Fix documentation error and ordering bug in DLASD7
Description
For certain problems with many singular values that are close together, DLASD7 subtly mis-orders the resulting singular values, which causes cascading problems throughout the divide-and-conquer algorithm and eventually results in convergence failure.
There is also a documentation error: the documentation states that the deflated singular values are returned in D in increasing order, but in reality they are in decreasing order.
This fixes https://github.com/Reference-LAPACK/lapack/issues/1138. Please refer to https://github.com/OpenMathLib/OpenBLAS/issues/5333 for a detailed discussion of the issue and fix.
Checklist
- [x] The documentation has been updated.
- [x] If the PR solves a specific issue, it is set to be closed on merge.
It is trivial to predict that this fix (if accepted) will also be needed in slasd7.f - probably slasd2.f/dlasd2.f as well.

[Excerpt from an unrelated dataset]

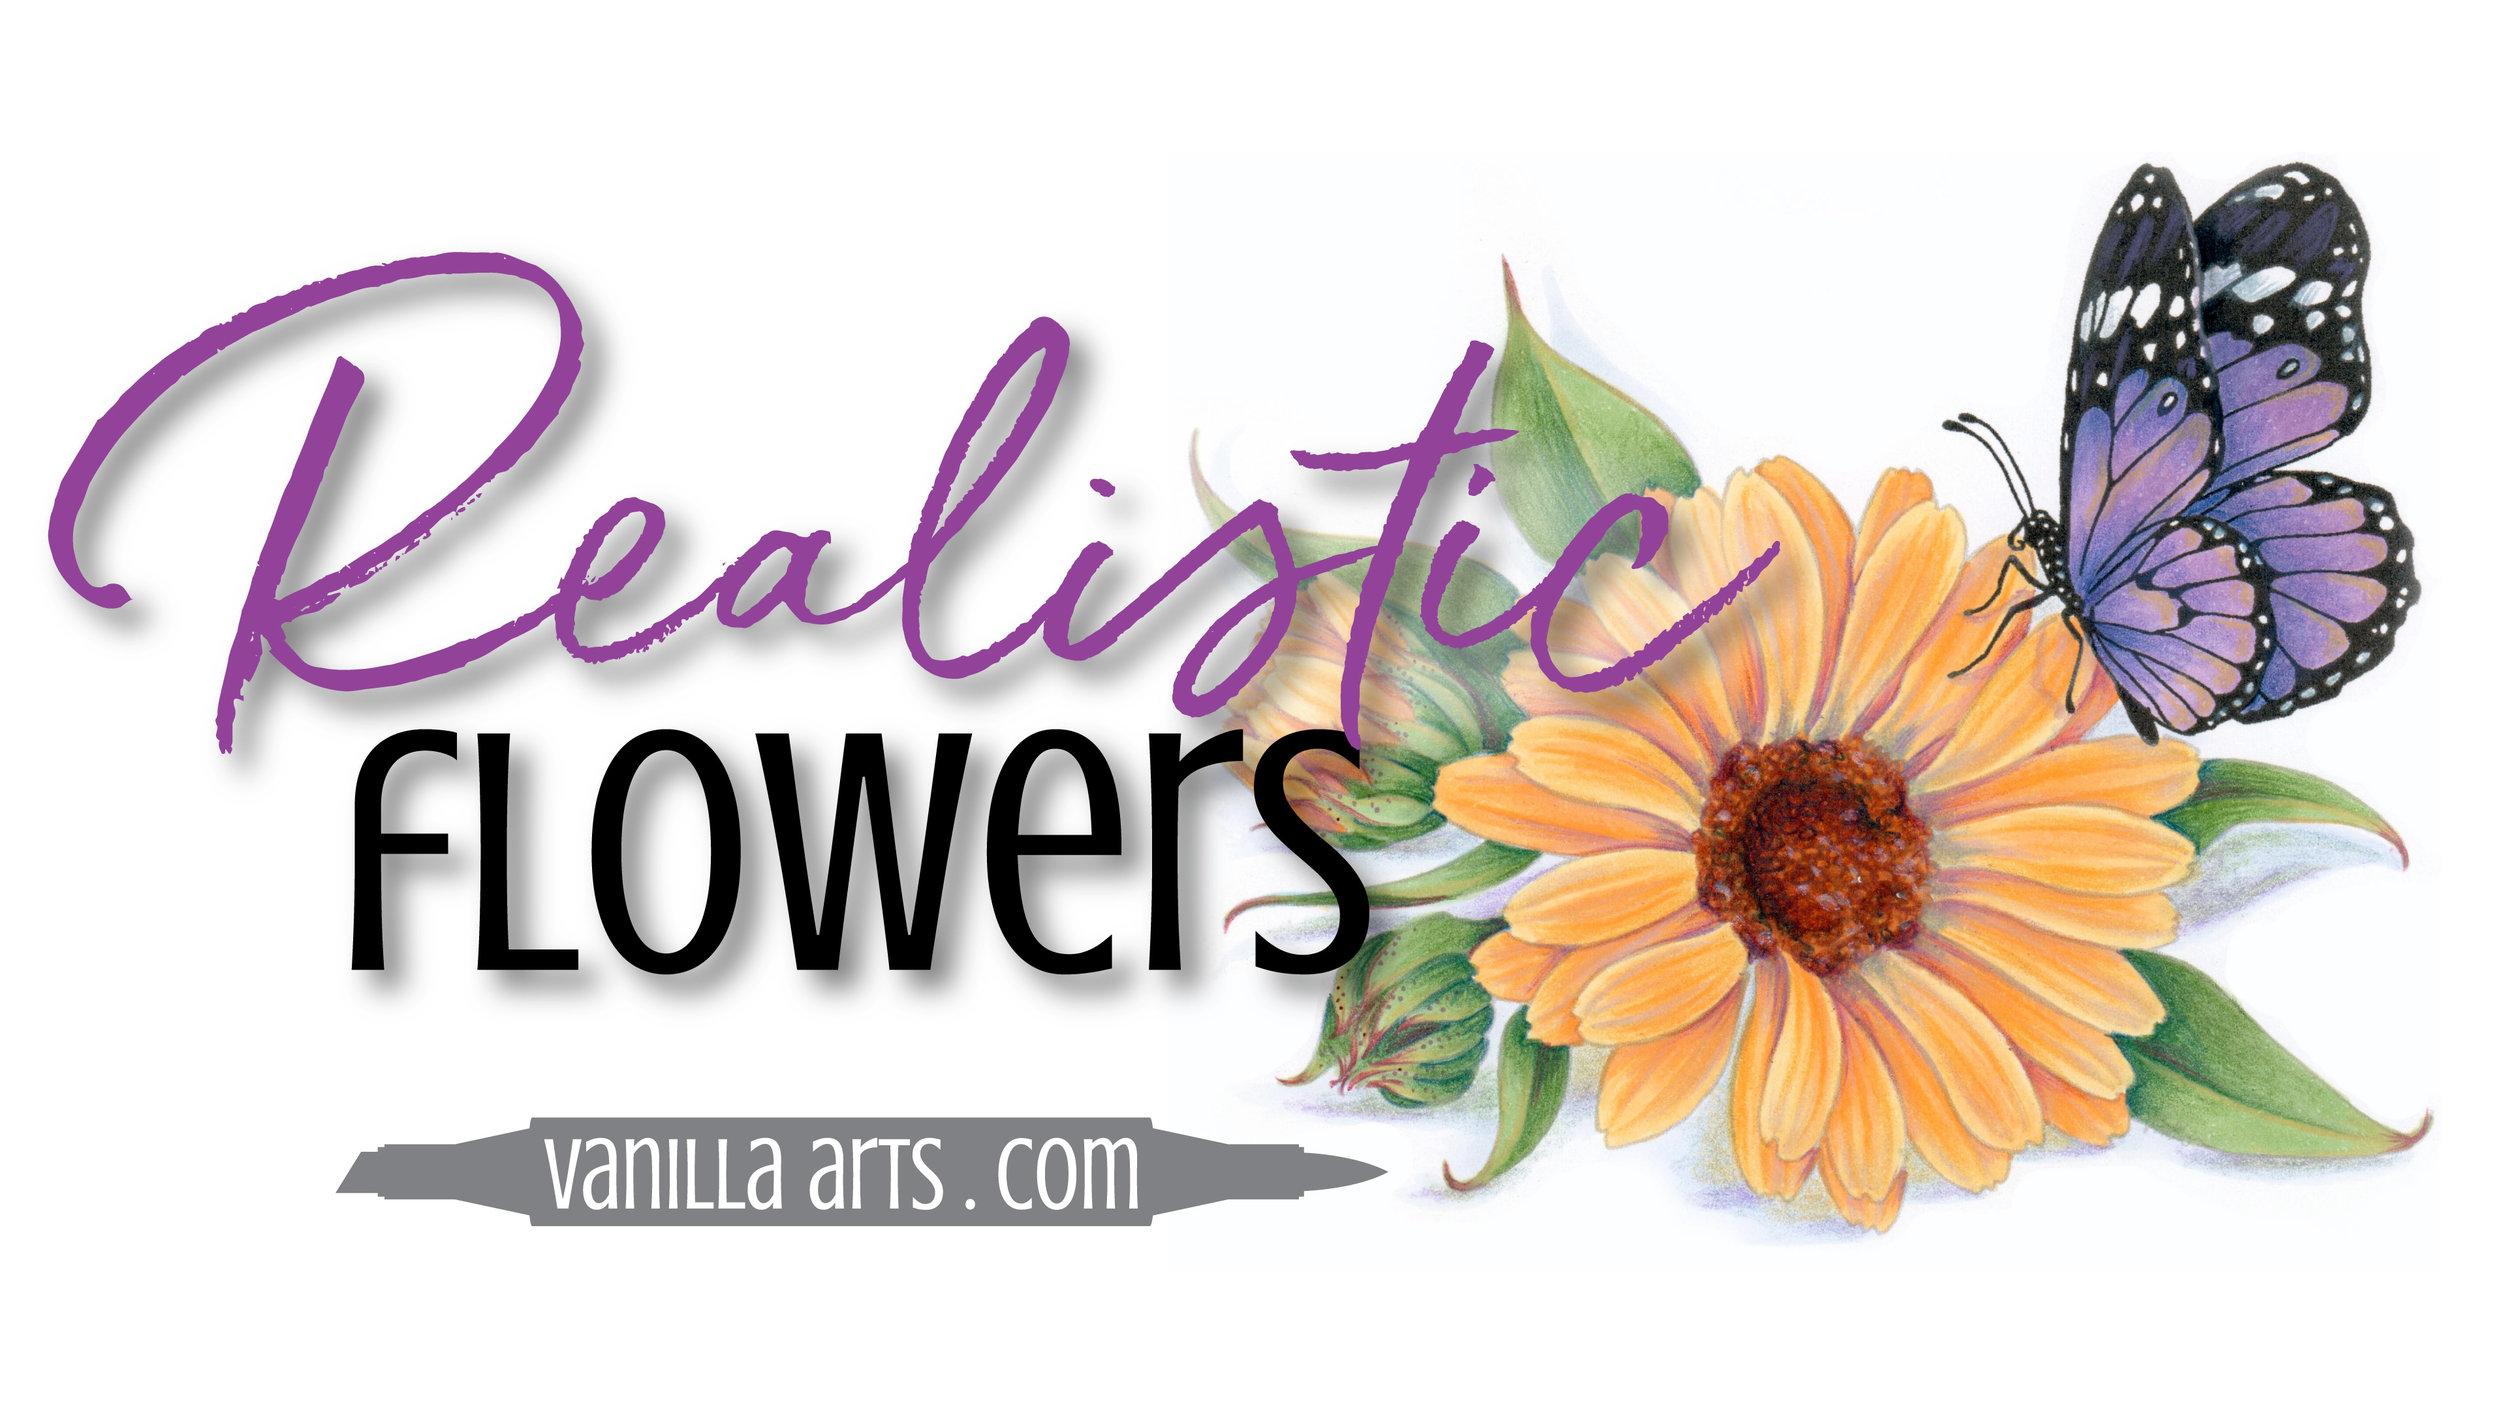 Copic Blending leads to Fake looking Flowers   VanillaArts.com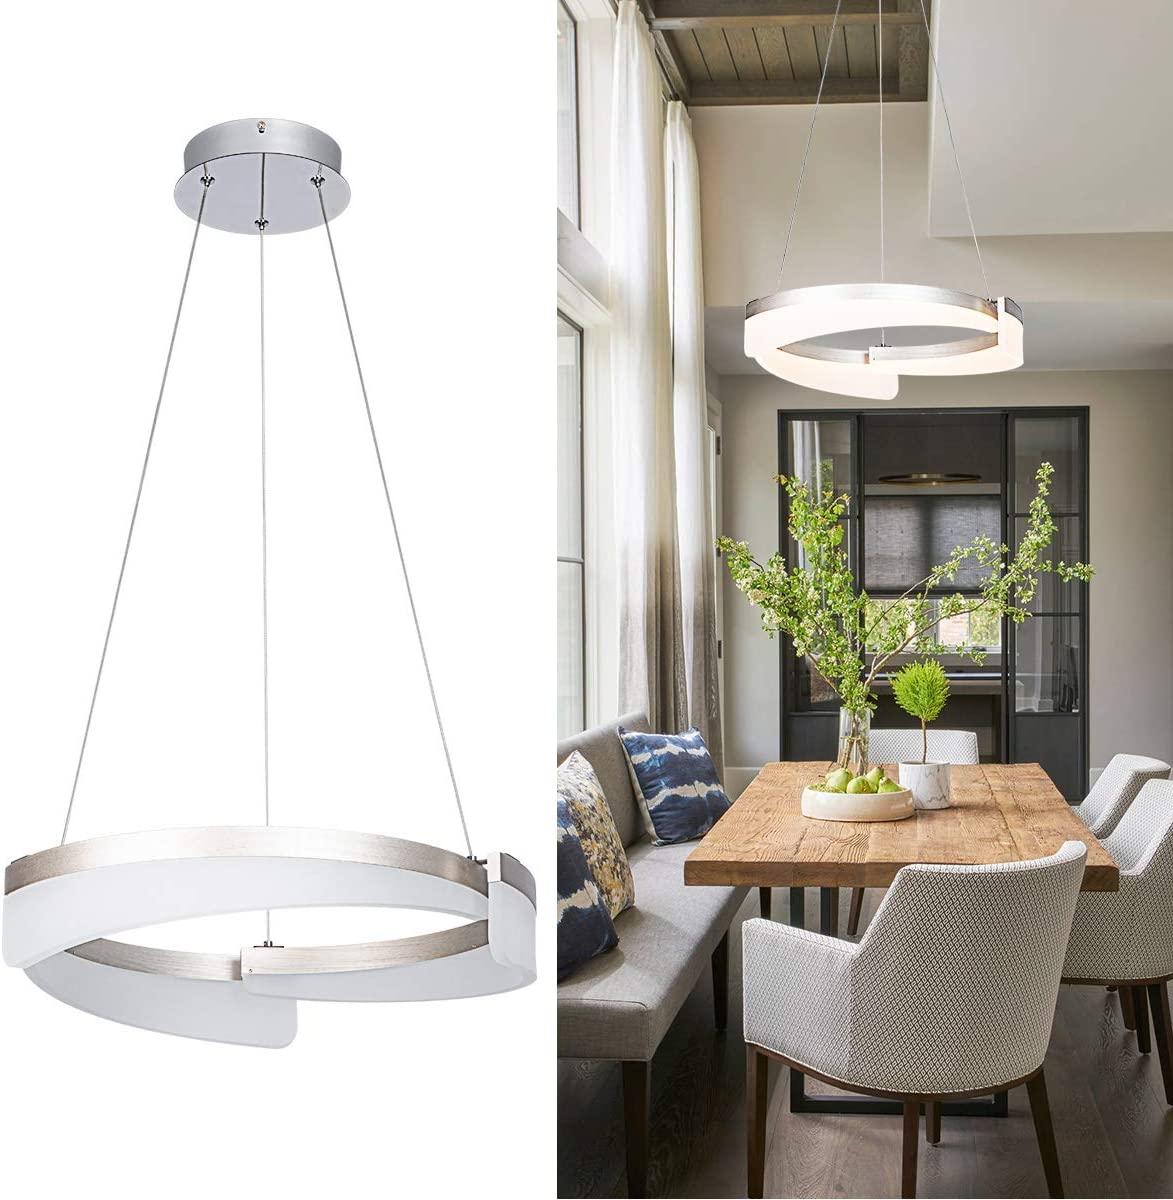 Sea Gull Lighting 6525401-04 Hudson Street One-Light Pendant Hanging Modern Light Fixture, Satin Aluminum Finish

And there is broadly similar code in ?LAED2 and ?LAED8...
Thanks for the feedback, I've pushed equivalent changes to SLASD7, SLASD2 and DLASD2.
Interestingly, SLAED8/DLAED8 appears to contain code specifically to reorder the indices, presumably in order to solve the same problem I encountered, though it does this in a far more convoluted way:
IF( K2+I.LE.N ) THEN
IF( D( JLAM ).LT.D( INDXP( K2+I ) ) ) THEN
INDXP( K2+I-1 ) = INDXP( K2+I )
INDXP( K2+I ) = JLAM
I = I + 1
GO TO 90
ELSE
INDXP( K2+I-1 ) = JLAM
END IF
ELSE
INDXP( K2+I-1 ) = JLAM
END IF
This is basically doing an insertion sort step to find the correct insertion position into the output array to avoid mis-ordering D. I think this is functionally equivalent to what I would have done:
DO 85 JP = JLAM, J - 1
INDXP( K2 + J - 1 - JP ) = JP
85 CONTINUE
The documentation of SLAED8/DLAED8 is still wrong though (increasing -> decreasing) so I will change that.
Regarding SLAED2/DLAED2/SLAED8/DLAED8, do you prefer to keep the existing (complicated) reordering code, or replace it with the new but simpler code?
Perhaps simplify the ..ED codes in a separate PR, if desired ? (Their rewrite is only tangentially related to the bug this one fixes)